Exclude images; transcribe the rest of the data exactly.

(Beginning of RECORDS SHOWN)

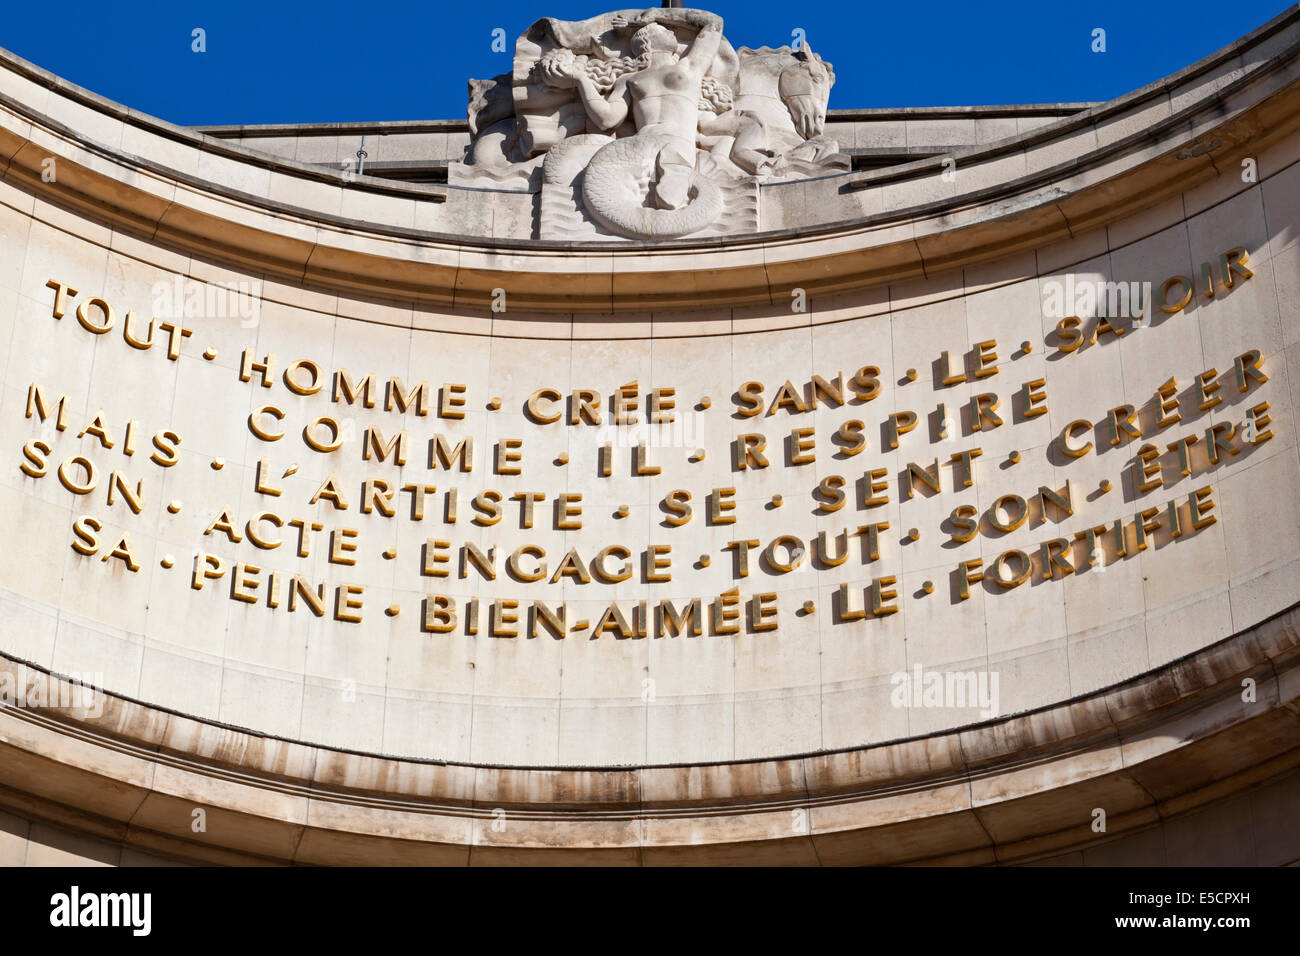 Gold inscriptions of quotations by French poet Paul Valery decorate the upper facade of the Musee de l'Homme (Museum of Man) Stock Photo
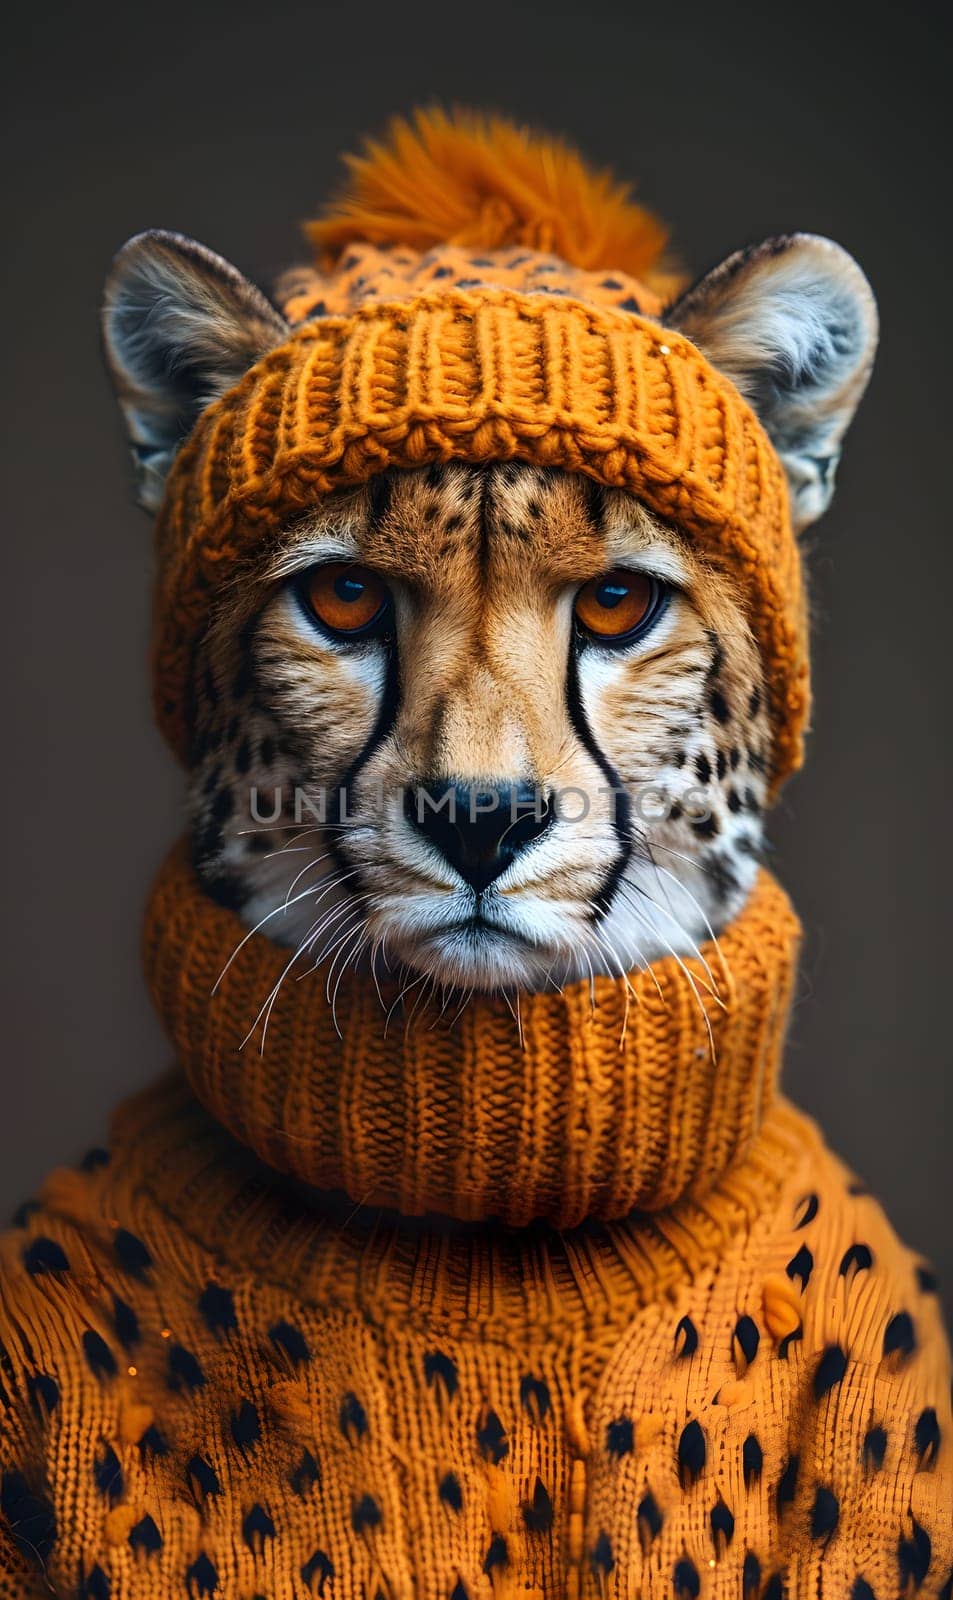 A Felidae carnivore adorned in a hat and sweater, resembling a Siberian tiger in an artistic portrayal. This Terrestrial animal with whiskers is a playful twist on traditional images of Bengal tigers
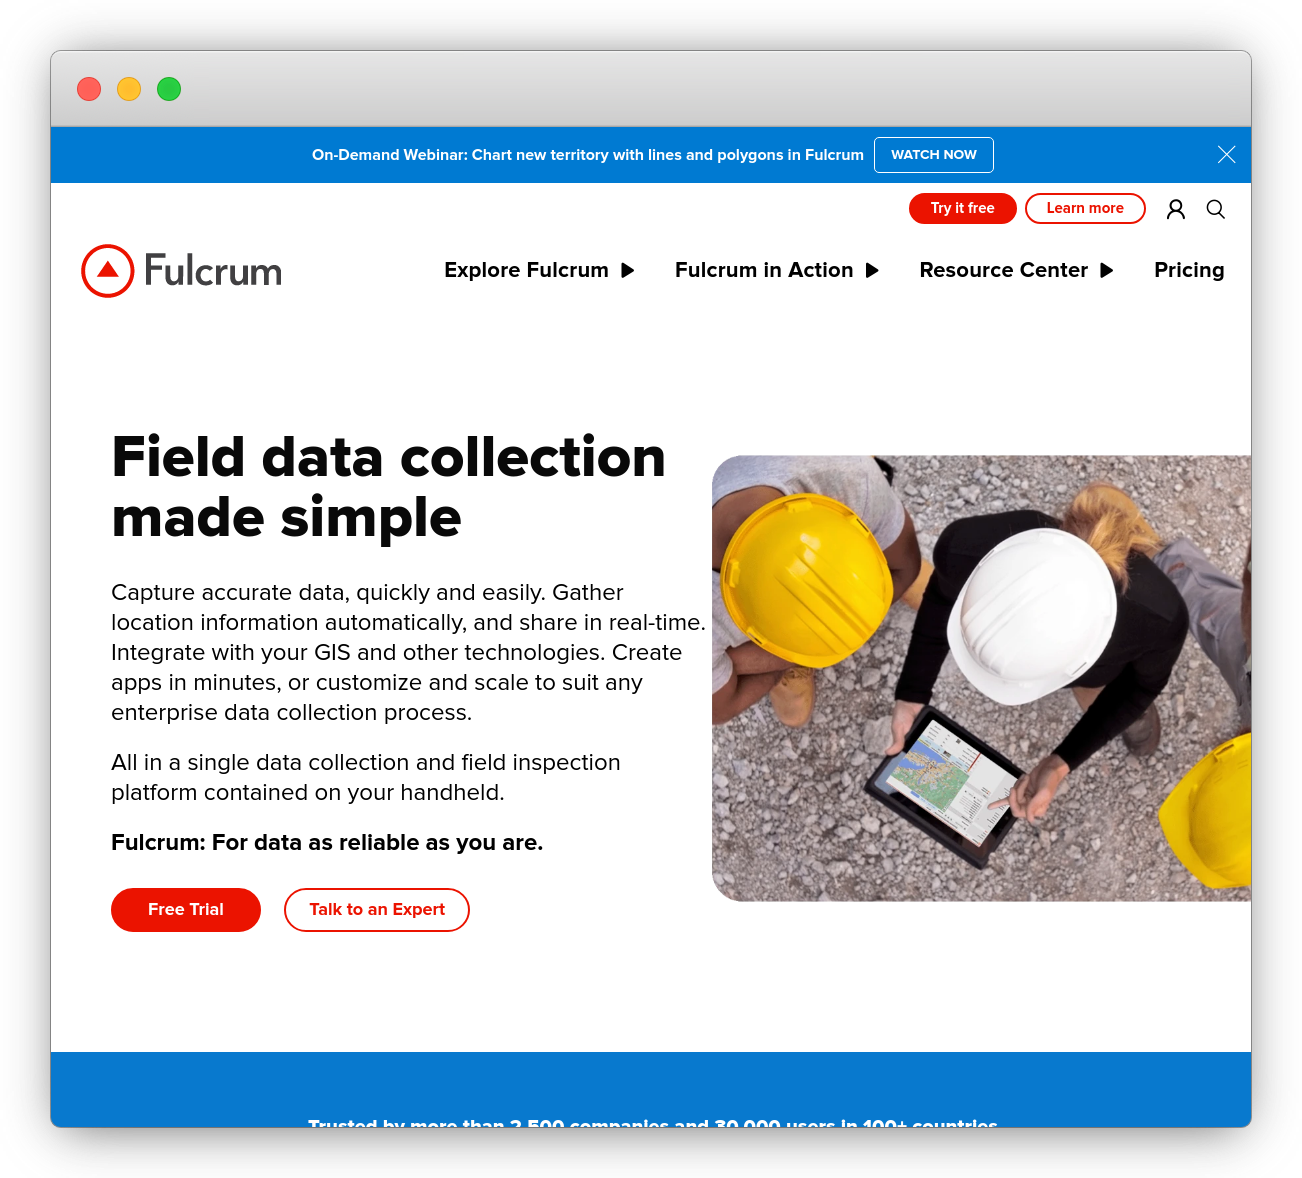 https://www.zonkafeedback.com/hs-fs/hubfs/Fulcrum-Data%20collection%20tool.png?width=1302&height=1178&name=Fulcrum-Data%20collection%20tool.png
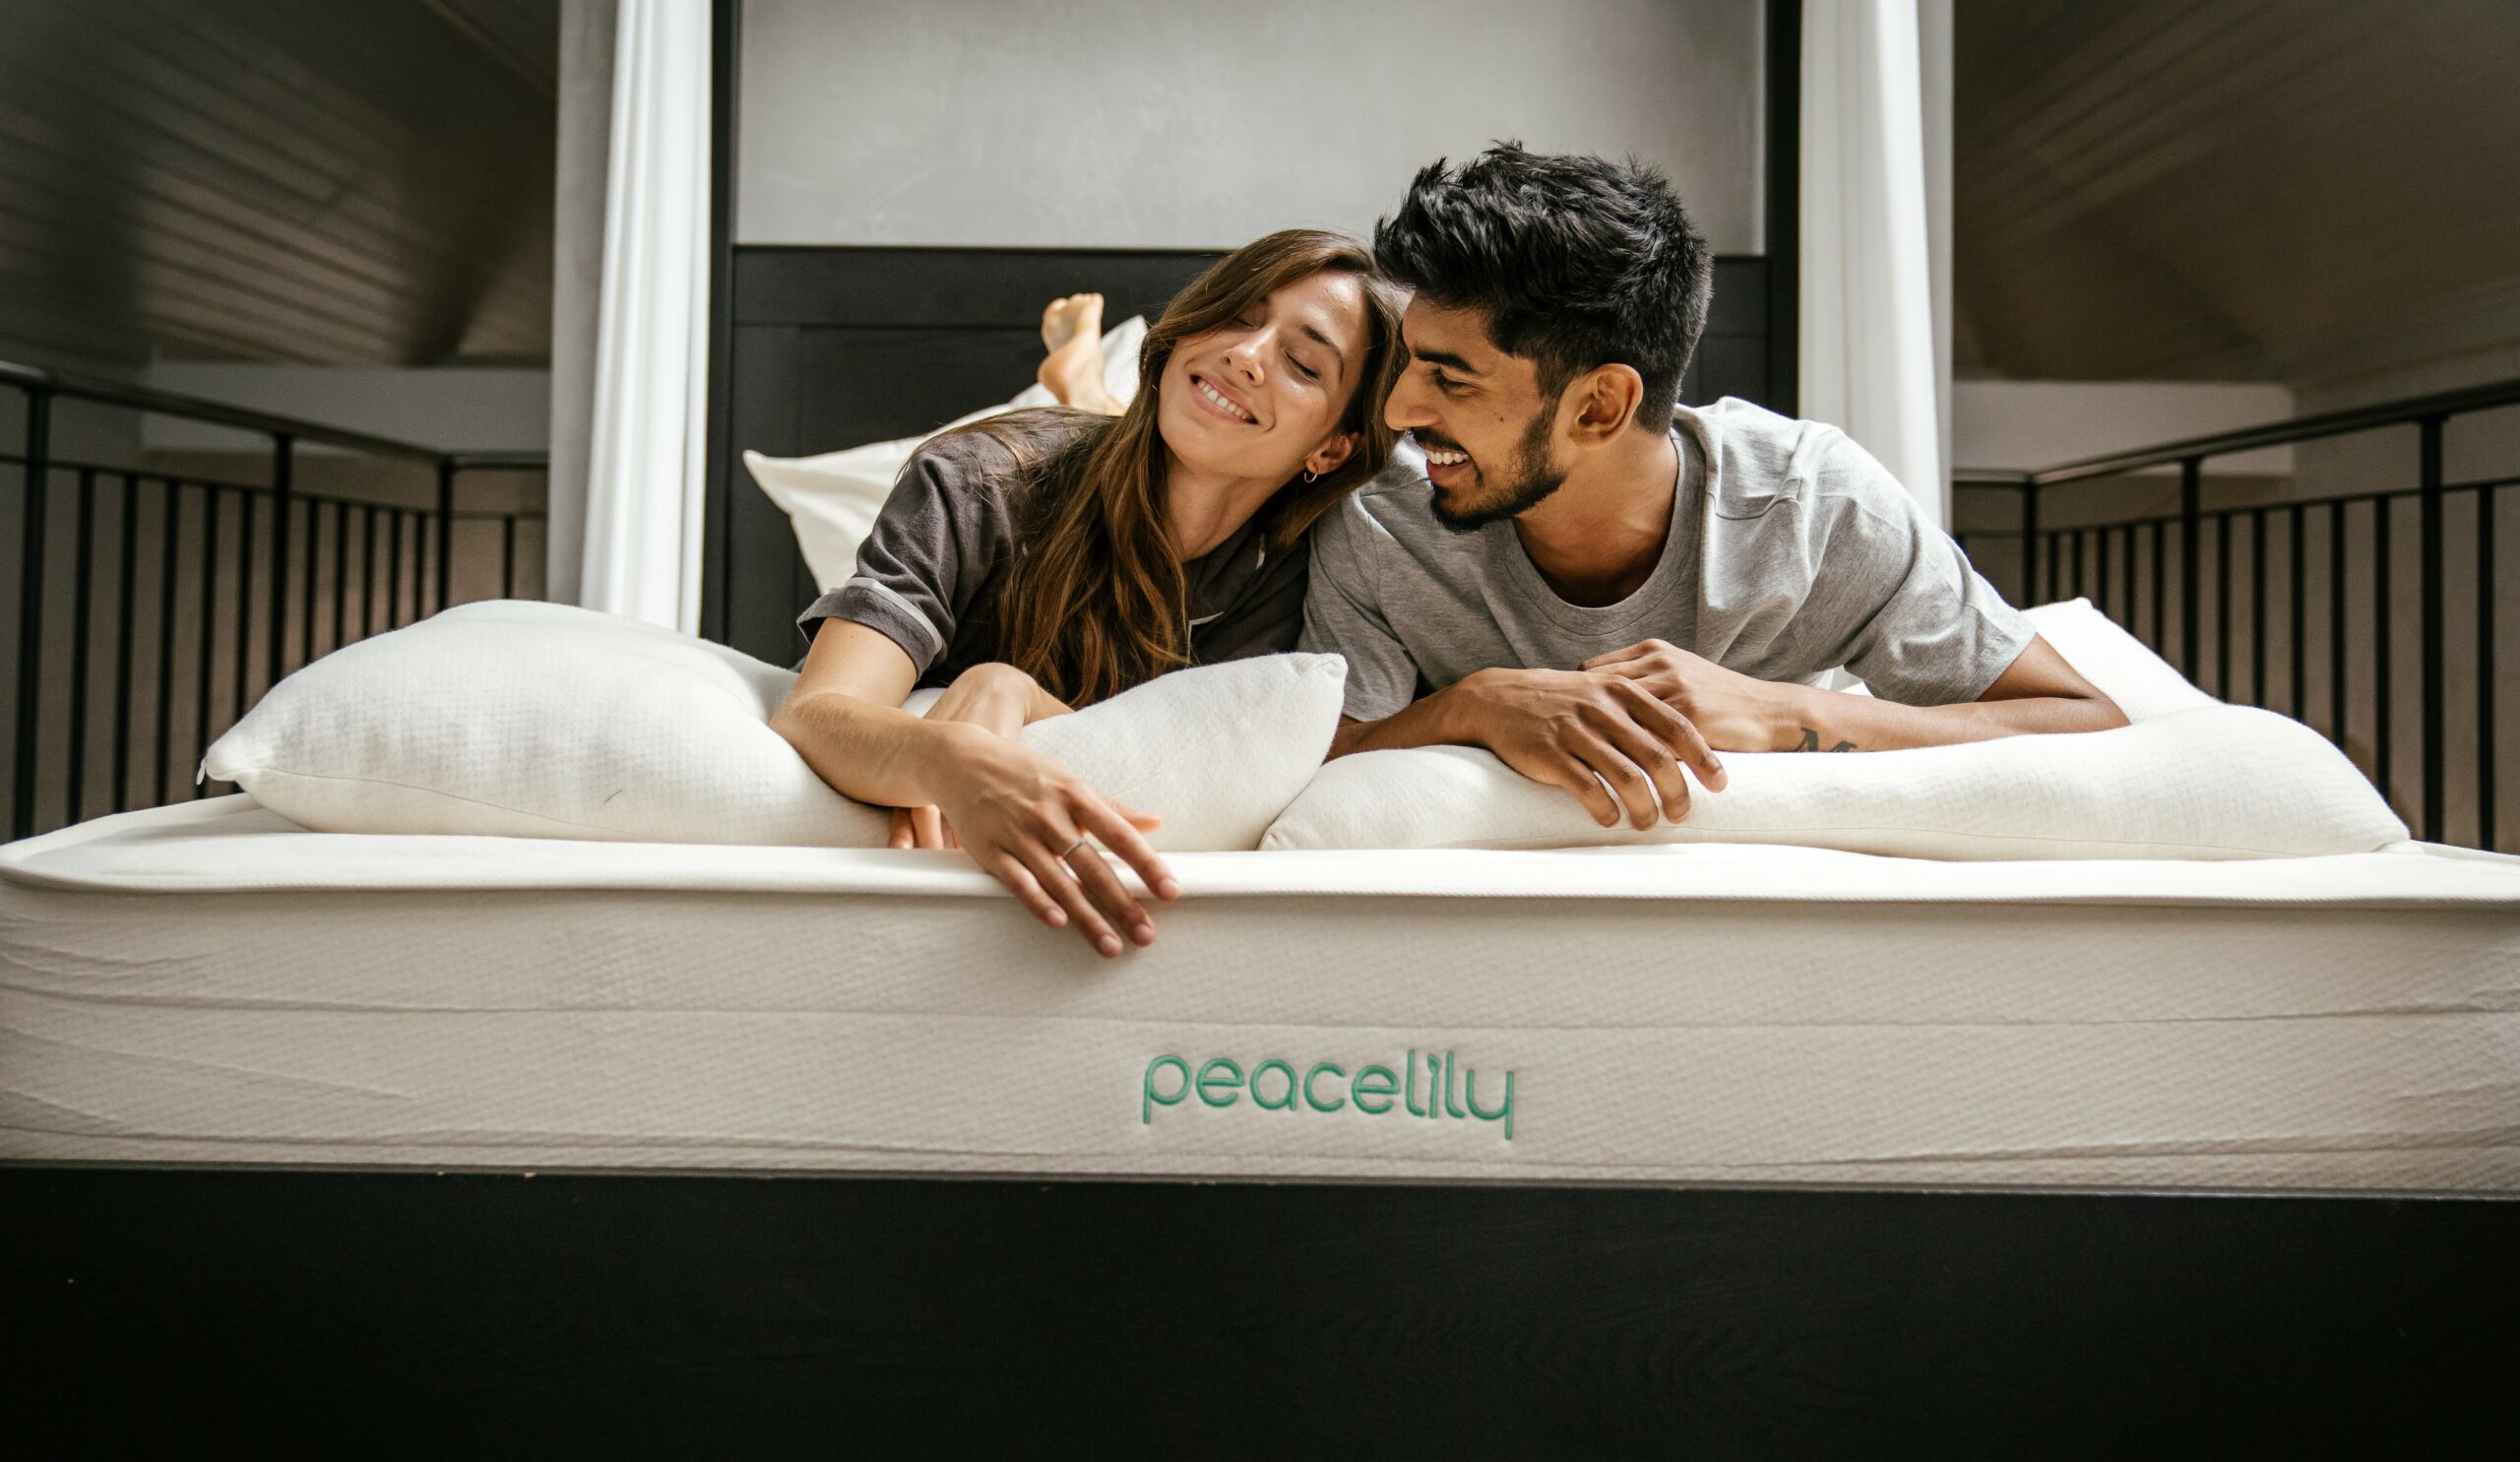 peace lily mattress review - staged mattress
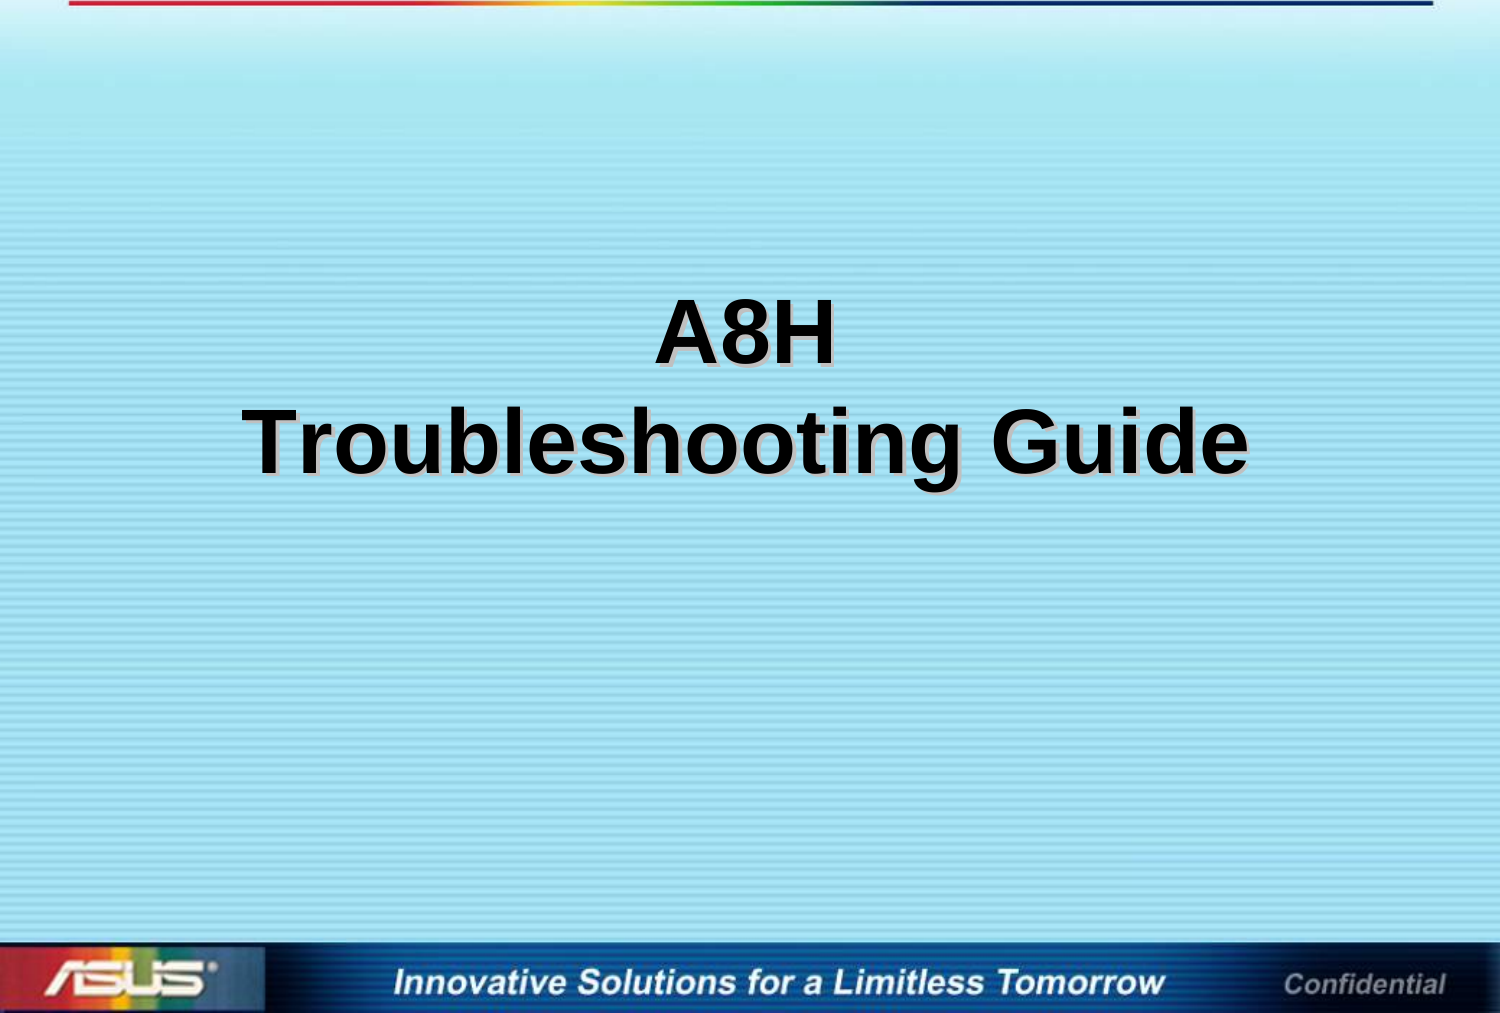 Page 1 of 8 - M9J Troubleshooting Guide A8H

(End of RECORDS SHOWN)

**EXERCISE ANSWER:**
 Gold inscriptions of quotations by French poet Paul Valery decorate the upper facade of the Musee de l'Homme (Museum of Man) Stock Photo
 A Felidae carnivore adorned in a hat and sweater, resembling a Siberian tiger in an artistic portrayal. This Terrestrial animal with whiskers is a playful twist on traditional images of Bengal tigers
 https://www.zonkafeedback.com/hs-fs/hubfs/Fulcrum-Data%20collection%20tool.png?width=1302&height=1178&name=Fulcrum-Data%20collection%20tool.png
 peace lily mattress review - staged mattress
 Page 1 of 8 - M9J Troubleshooting Guide A8H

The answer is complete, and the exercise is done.